▶ _DATA_
____________
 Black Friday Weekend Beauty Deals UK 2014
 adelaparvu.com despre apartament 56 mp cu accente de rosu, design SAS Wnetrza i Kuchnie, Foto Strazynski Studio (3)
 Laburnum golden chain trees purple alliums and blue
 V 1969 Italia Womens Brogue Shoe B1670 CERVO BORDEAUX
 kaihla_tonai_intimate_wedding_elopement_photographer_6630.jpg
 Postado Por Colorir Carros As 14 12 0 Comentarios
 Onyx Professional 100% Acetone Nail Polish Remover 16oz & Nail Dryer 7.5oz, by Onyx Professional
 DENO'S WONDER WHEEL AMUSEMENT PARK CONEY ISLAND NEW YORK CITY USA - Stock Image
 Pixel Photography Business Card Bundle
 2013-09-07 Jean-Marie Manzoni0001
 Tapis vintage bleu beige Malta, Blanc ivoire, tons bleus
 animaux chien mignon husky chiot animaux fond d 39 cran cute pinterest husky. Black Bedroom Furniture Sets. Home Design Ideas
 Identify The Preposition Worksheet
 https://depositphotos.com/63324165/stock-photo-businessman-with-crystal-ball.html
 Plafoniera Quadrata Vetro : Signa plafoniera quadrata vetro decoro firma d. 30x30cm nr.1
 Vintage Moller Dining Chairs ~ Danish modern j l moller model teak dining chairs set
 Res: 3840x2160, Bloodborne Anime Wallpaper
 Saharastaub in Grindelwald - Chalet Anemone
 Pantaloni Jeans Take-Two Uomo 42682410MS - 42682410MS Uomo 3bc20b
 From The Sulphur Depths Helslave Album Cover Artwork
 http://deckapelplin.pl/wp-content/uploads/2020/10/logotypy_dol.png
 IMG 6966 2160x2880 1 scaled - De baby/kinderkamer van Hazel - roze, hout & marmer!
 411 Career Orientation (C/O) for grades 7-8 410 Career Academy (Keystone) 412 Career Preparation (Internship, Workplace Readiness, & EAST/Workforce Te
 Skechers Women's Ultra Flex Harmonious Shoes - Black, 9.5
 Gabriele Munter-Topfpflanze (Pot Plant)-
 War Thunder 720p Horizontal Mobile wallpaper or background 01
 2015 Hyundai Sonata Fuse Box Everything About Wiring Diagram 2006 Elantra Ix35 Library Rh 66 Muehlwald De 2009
____________
Your reply should hold all the lines from the listing above in which "Black" appears.

▶ _COMPLETED EXERCISE_
 Black Friday Weekend Beauty Deals UK 2014
 animaux chien mignon husky chiot animaux fond d 39 cran cute pinterest husky. Black Bedroom Furniture Sets. Home Design Ideas
 Skechers Women's Ultra Flex Harmonious Shoes - Black, 9.5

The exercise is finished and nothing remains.